PROBLEM DESCRIPTION => Please, without any pictures, transcribe the lines from the one holding "Die US-Astronautinnen Christina" to the end of the listing, both ends included.

----

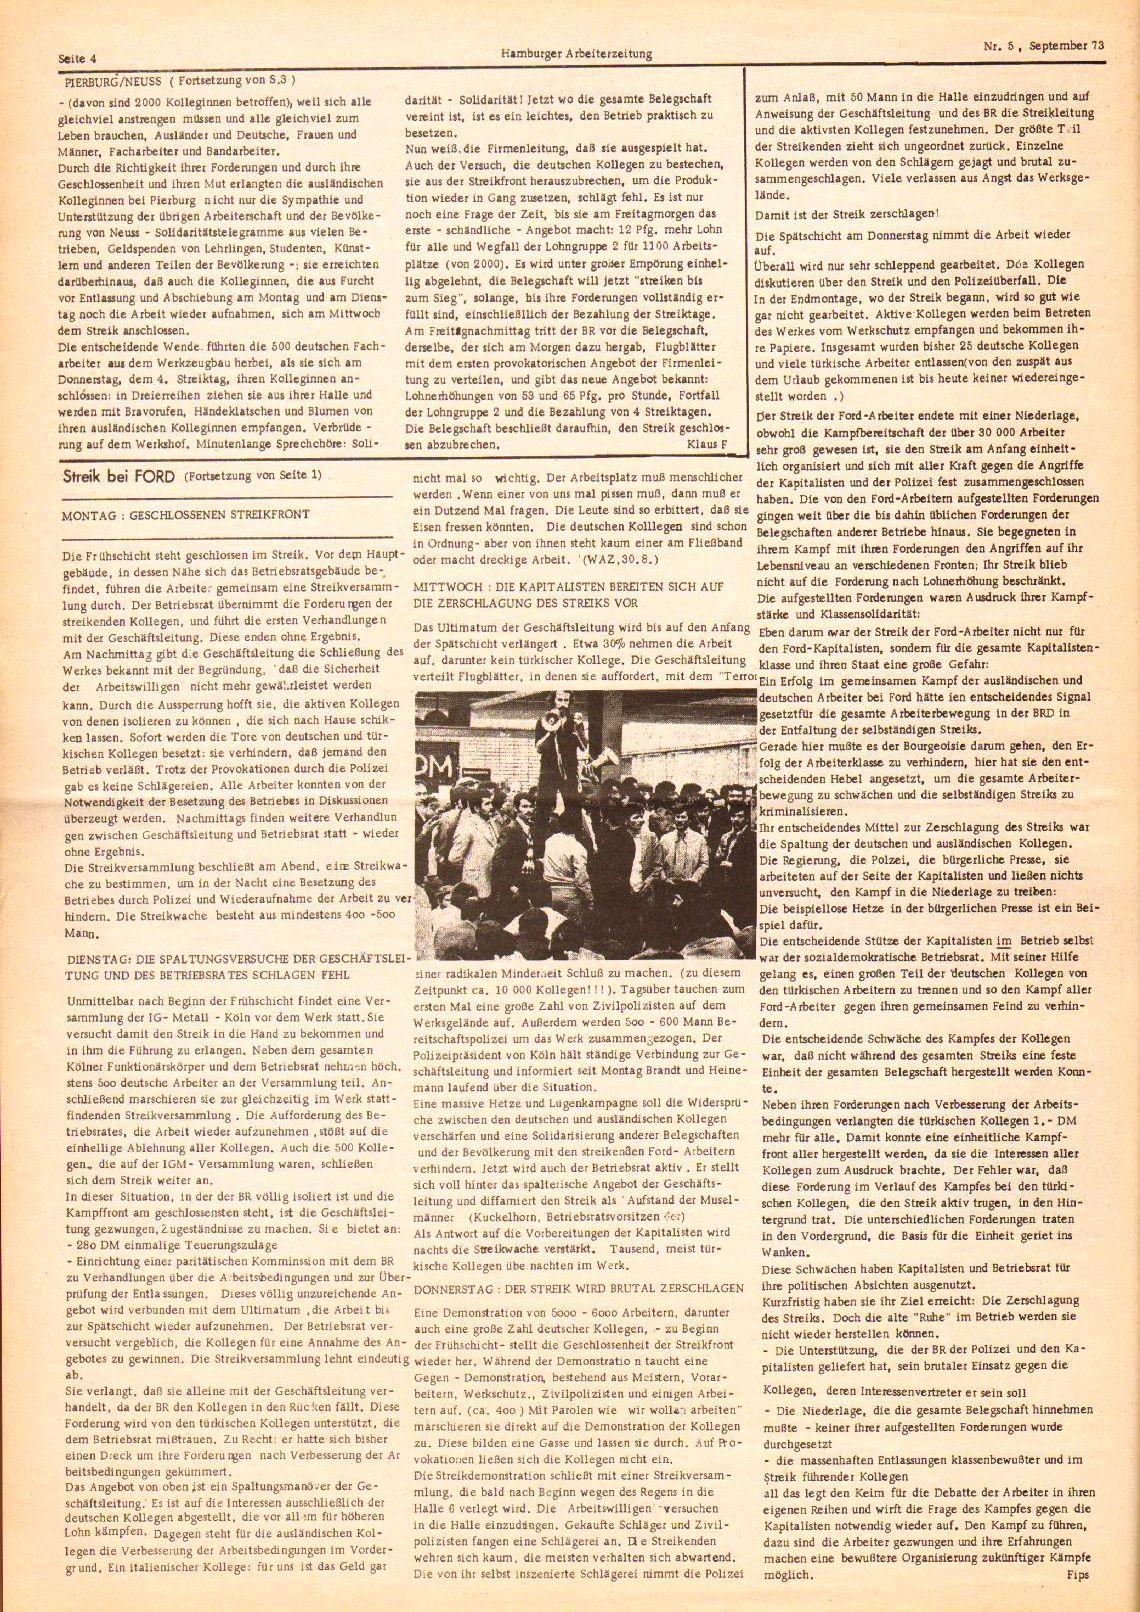 Hamburger_Arbeiterzeitung081
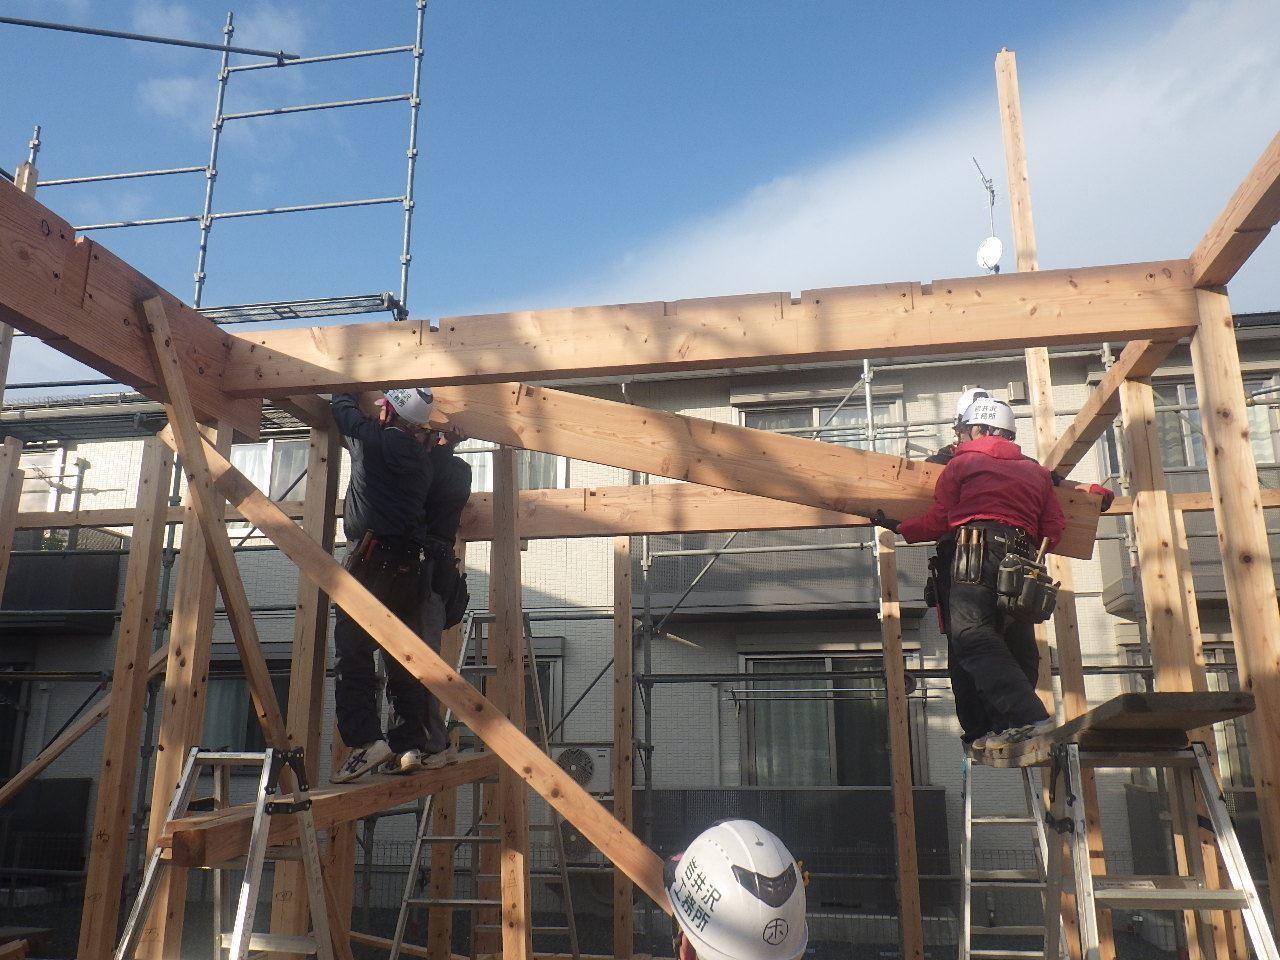 下太田 古材新築の家 建て方作業スタート!_f0105112_04355130.jpg
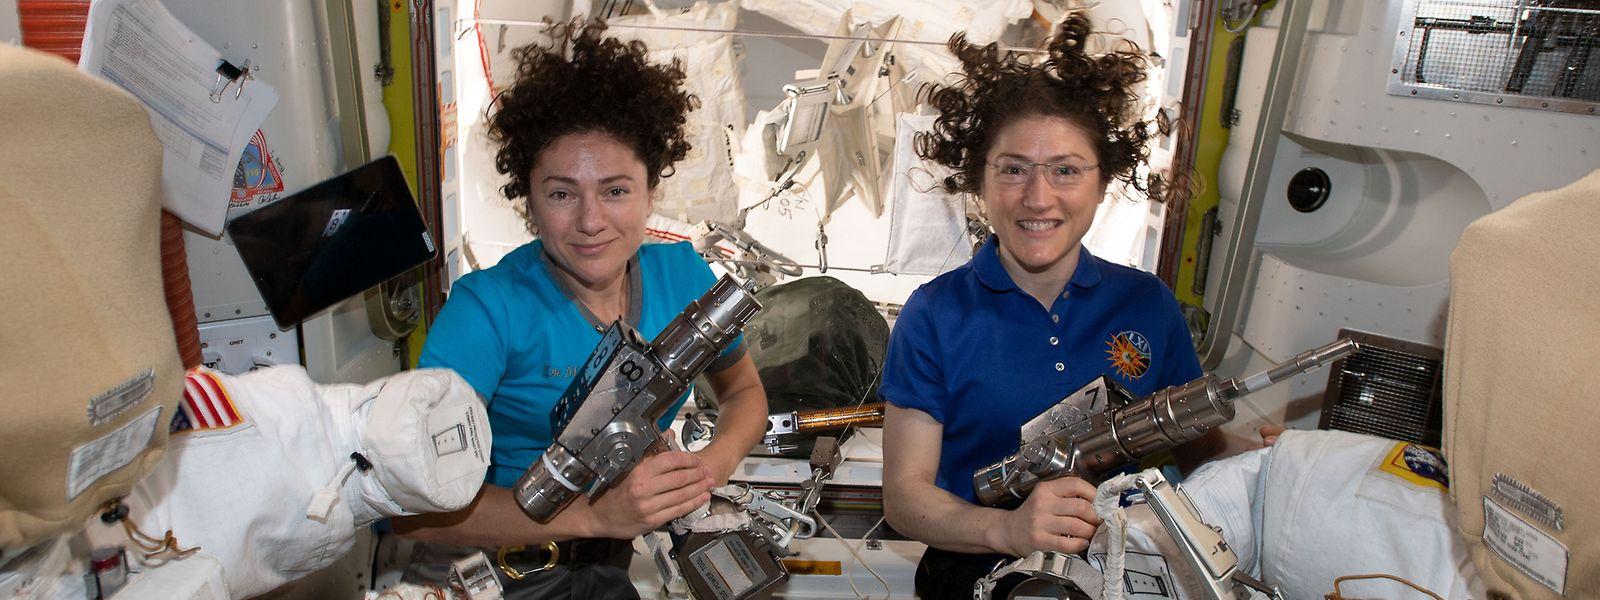 Die US-Astronautinnen Christina Koch (r) und Jessica Meir auf der Internationalen Raumstation.
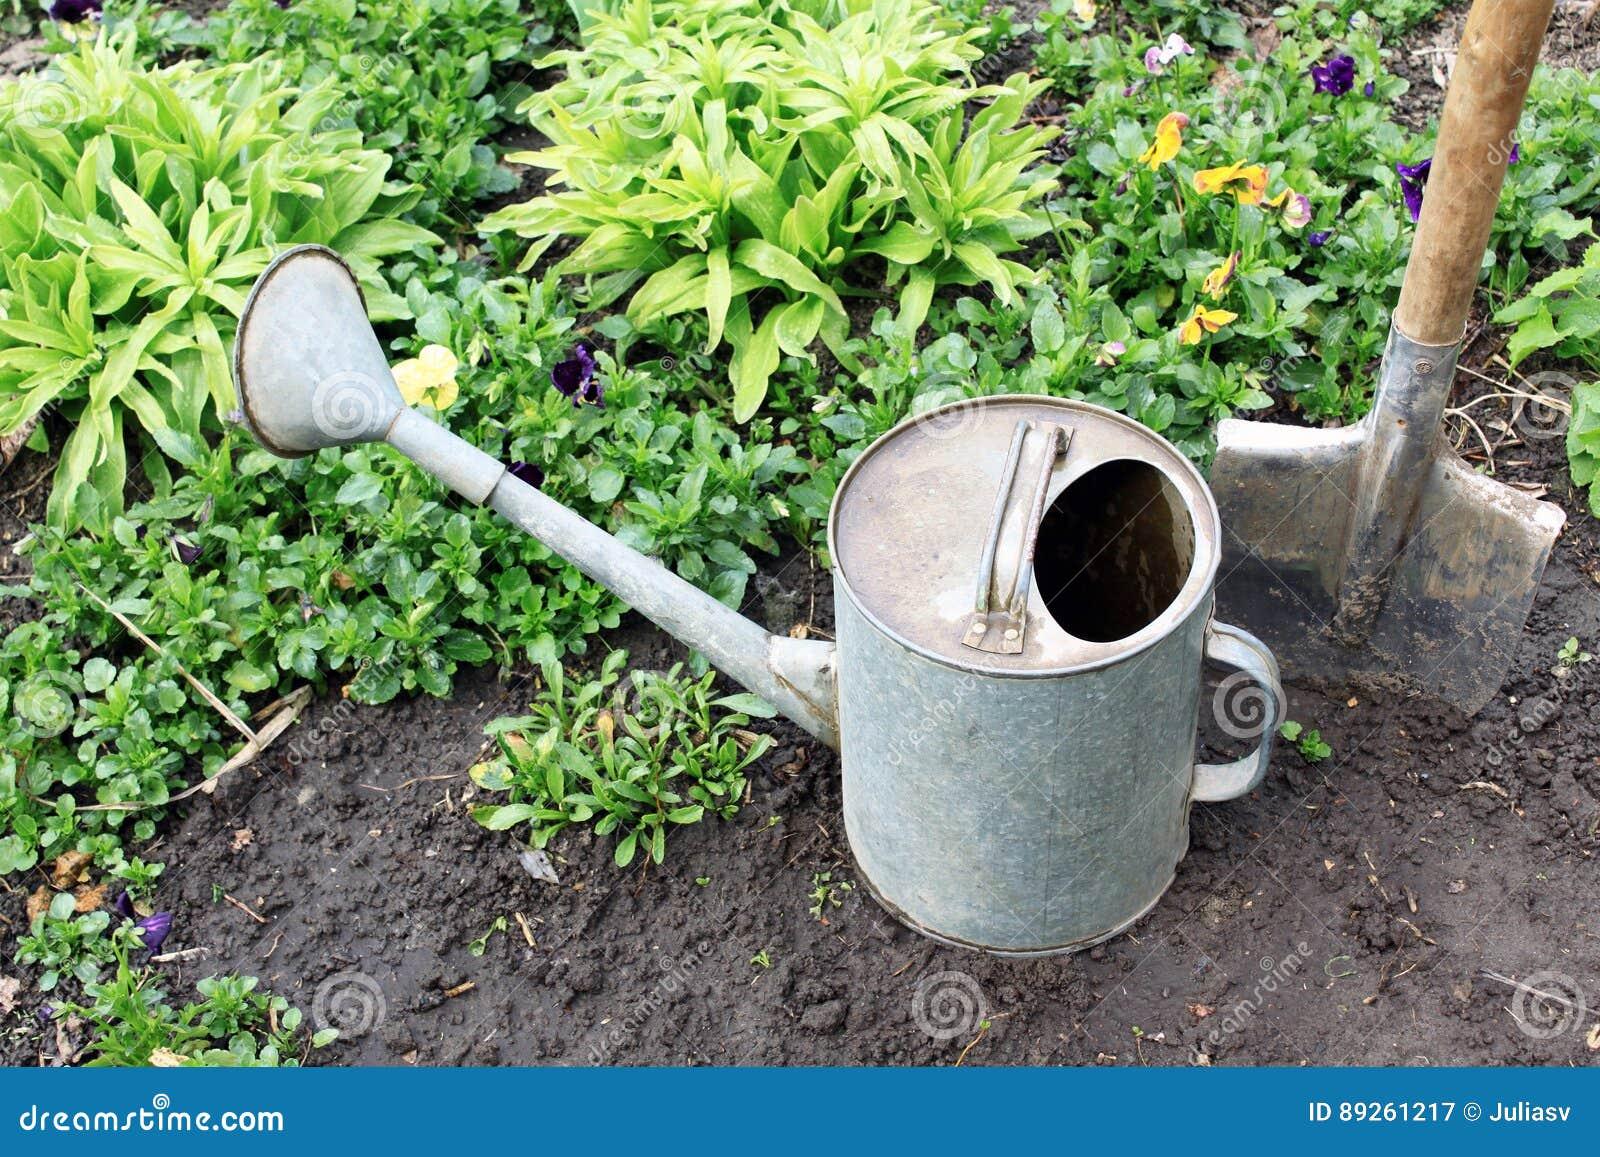 Garden Tools In Vegetable Garden On Background Of Plants Stock
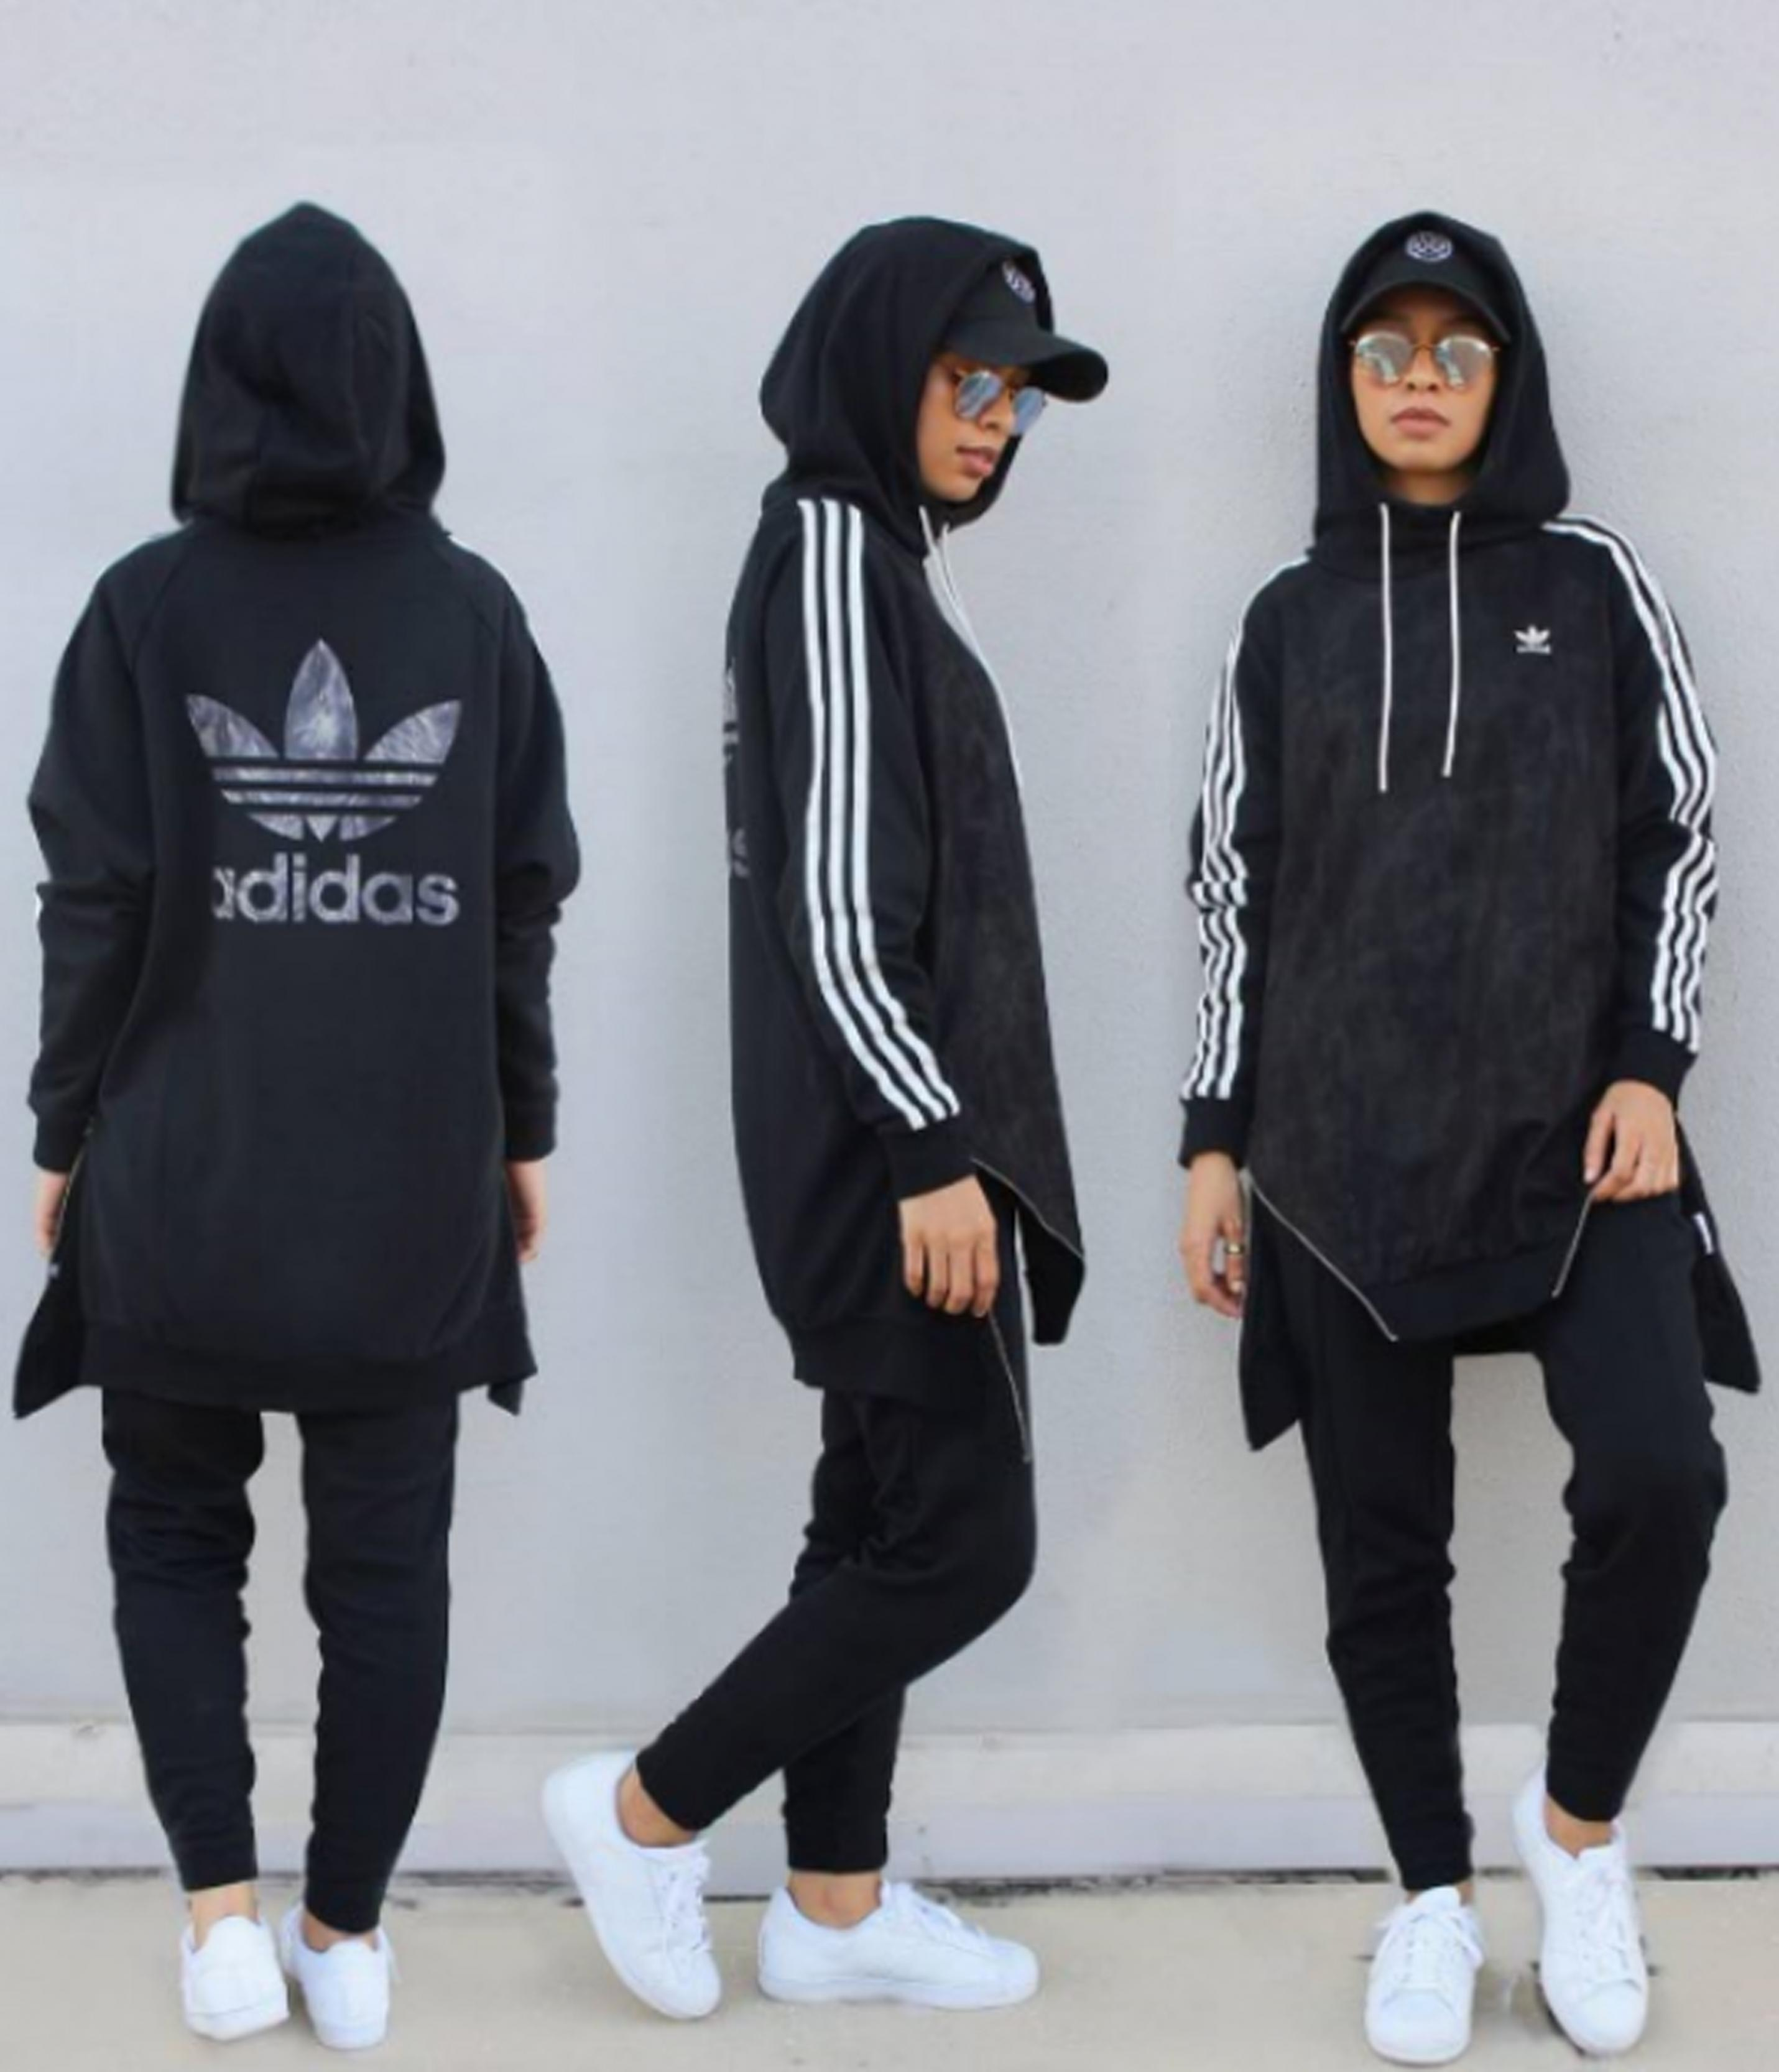 نتيجة بحث الصور عن ملابس رياضية للبنات اديداس, اجمل الملابس الرياضية العملية

----

SOLUTION TO THIS EXERCISE =>
 Die US-Astronautinnen Christina Koch (r) und Jessica Meir auf der Internationalen Raumstation.
 Garden Tools In Vegetable Garden On Background Of Plants Stock
 نتيجة بحث الصور عن ملابس رياضية للبنات اديداس, اجمل الملابس الرياضية العملية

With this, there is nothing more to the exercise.